Targeting GPX4 in human cancer: Implications of ferroptosis induction for tackling cancer resilience

Cancer metabolic alterations have been emphasized to protect cancer cells from cell death. The metabolic reprogramming toward a mesenchymal state makes cancer cells resistant to therapy but vulnerable to ferroptosis induction. Ferroptosis is a new form of regulated cell death based on the iron-dependent accumulation of excessive lipid peroxidation. Glutathione peroxidase 4 (GPX4) is the core regulator of ferroptosis by detoxifying cellular lipid peroxidation using glutathione as a cofactor. GPX4 synthesis requires selenium incorporation into the selenoprotein through isopentenylation and selenocysteine tRNA maturation. GPX4 synthesis and expression can be regulated by multiple levels of its transcription, translation, posttranslational modifications, and epigenetic modifications. Targeting GPX4 in cancer may be a promising strategy for effectively inducing ferroptosis and killing therapy-resistant cancer. Several pharmacological therapeutics targeting GPX4 have been developed constantly to activate ferroptosis induction in cancer. The potential therapeutic index of GPX4 inhibitors remains to be tested with thorough examinations of their safety and adverse effects in vivo and clinical trials.

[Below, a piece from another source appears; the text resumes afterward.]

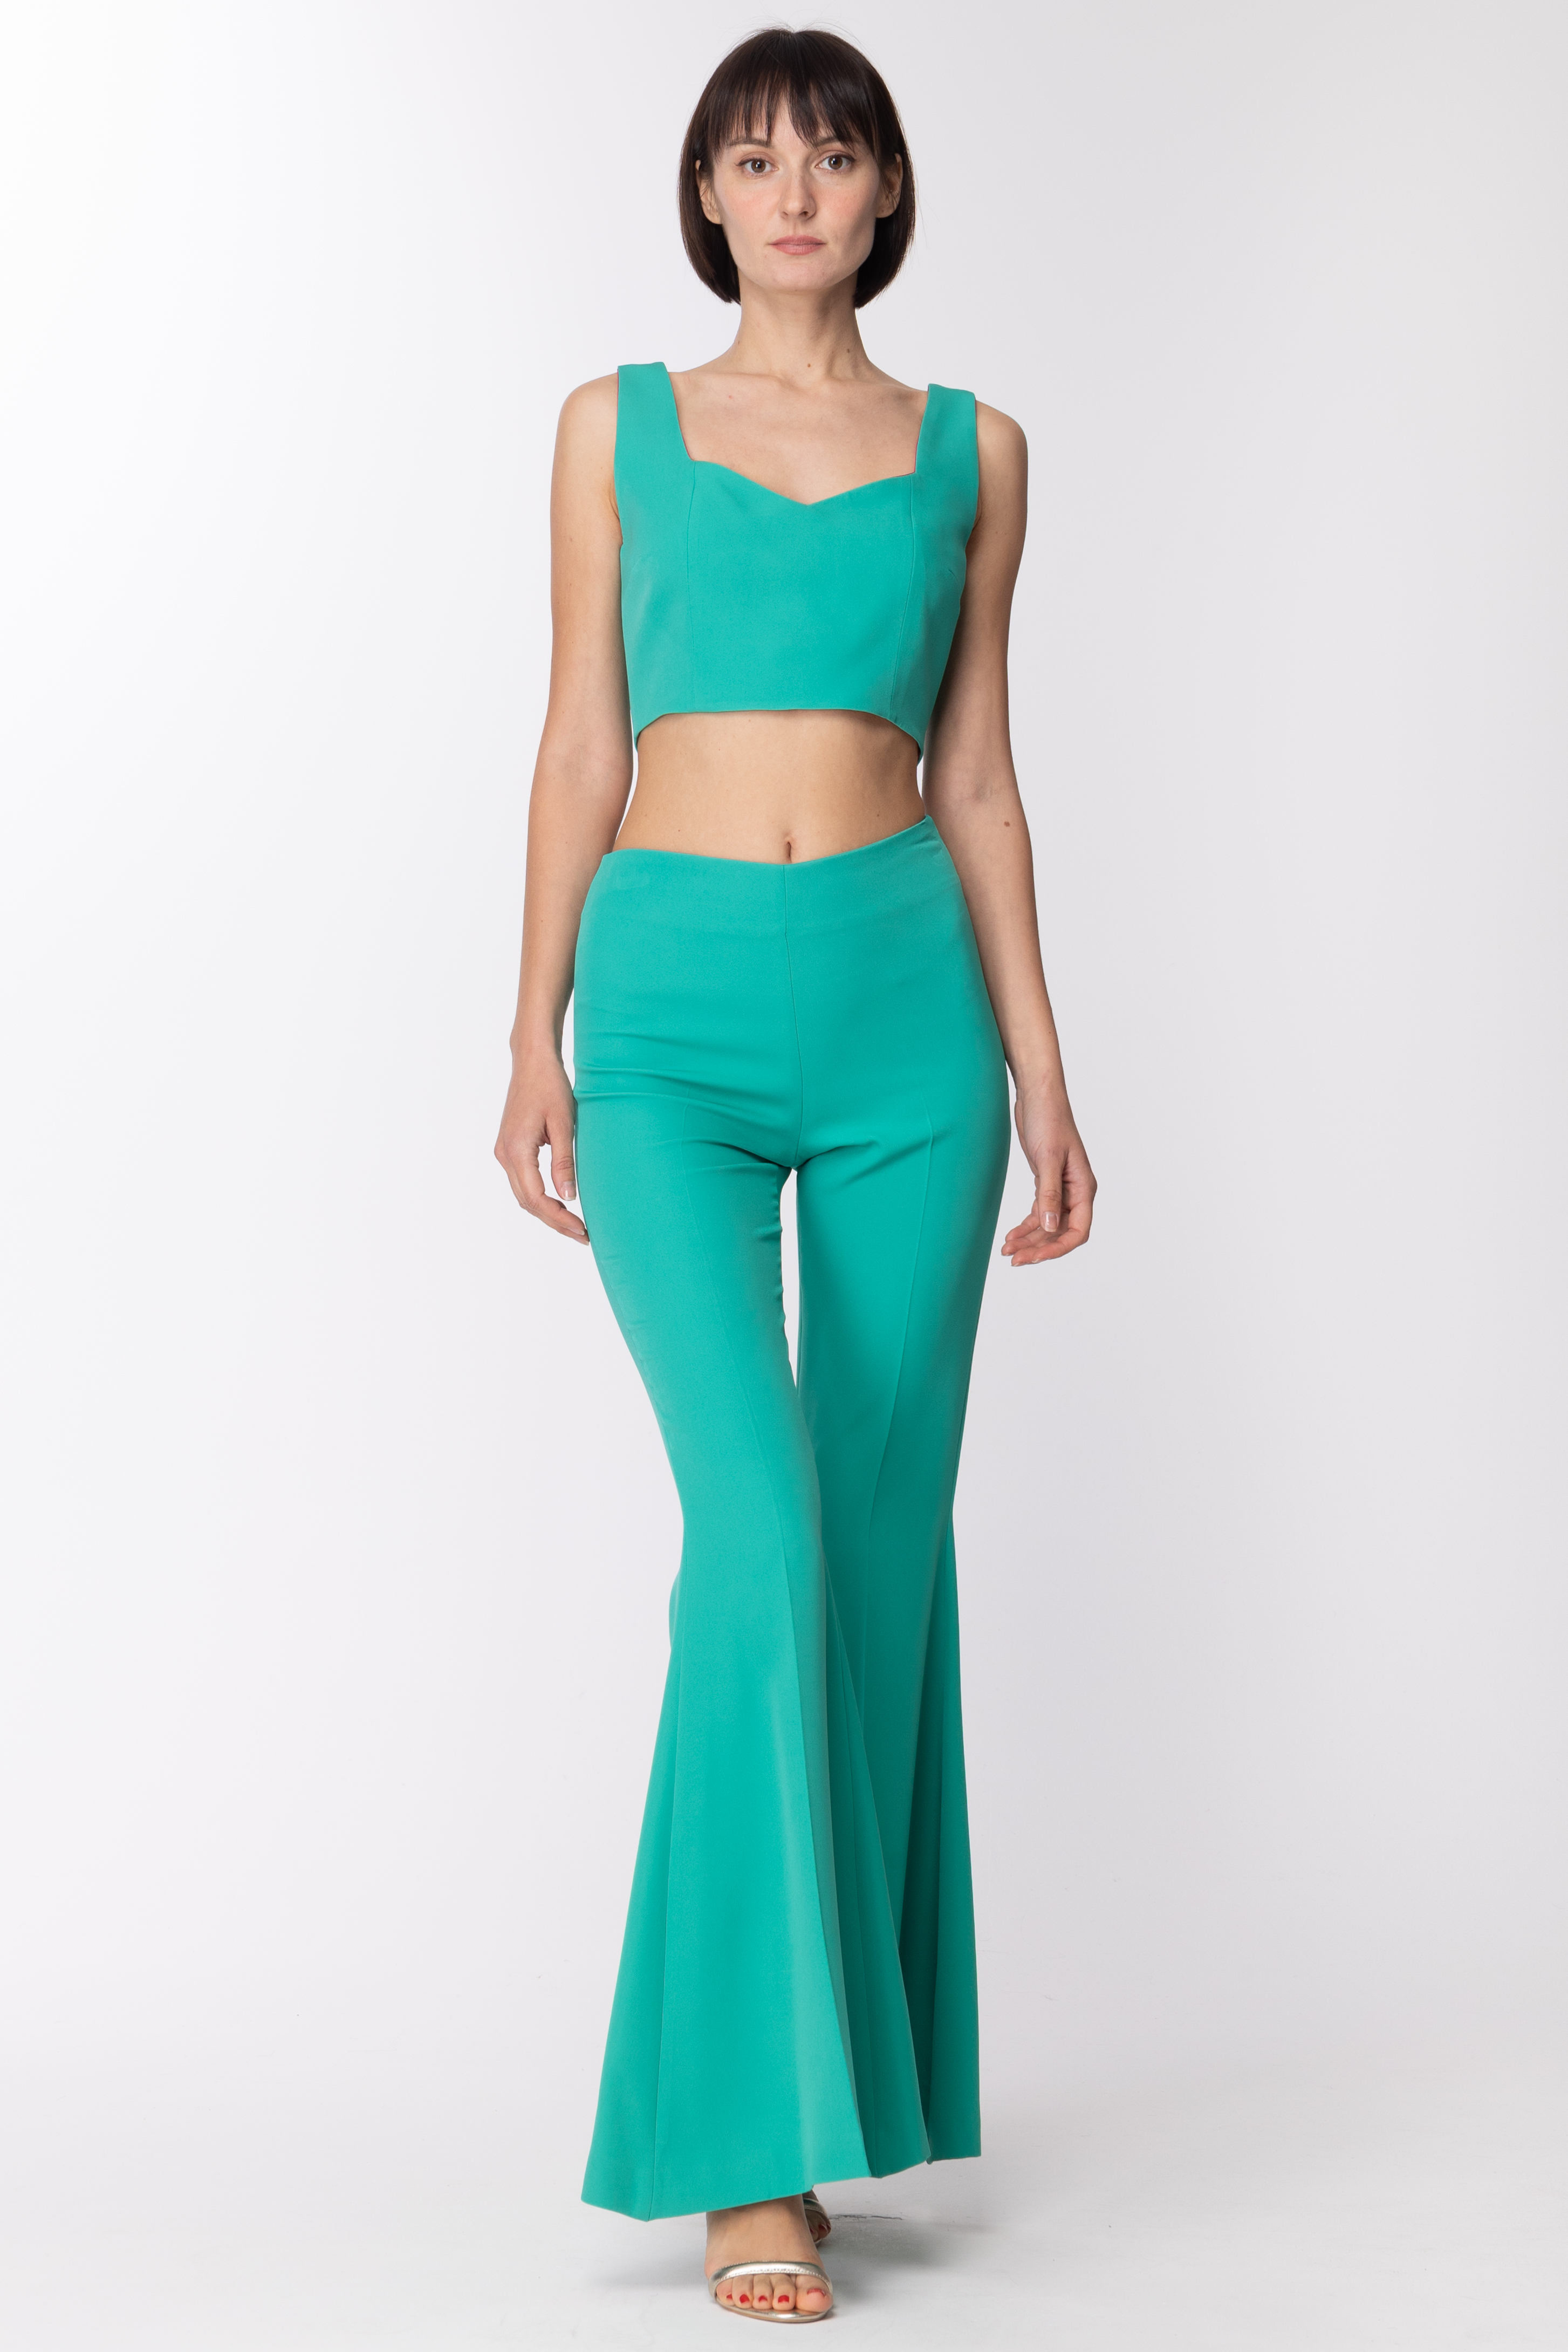 Preview: Dramèe Crop top with sweetheart neckline Verde

Many papers have been published continuously in recent years, requiring state-of-the-art updates in targeting GPX4 in cancer. Herein, we summarize targeting the GPX4 pathway in human cancer, which leads to implications of ferroptosis induction for tackling cancer resilience. •Cancer cells resistant to therapy can be vulnerable to ferroptosis induction.•Ferroptosis is oxidative-regulated cell death by the iron-dependent accumulation of lipid peroxidation.•GPX4 is the core regulator of ferroptosis by detoxifying cellular lipid peroxidation.•GPX4 is an attractive target for killing human cancers by inducing ferroptotic cell death.•Pharmacological therapeutics targeting GPX4 in cancer have been developed constantly.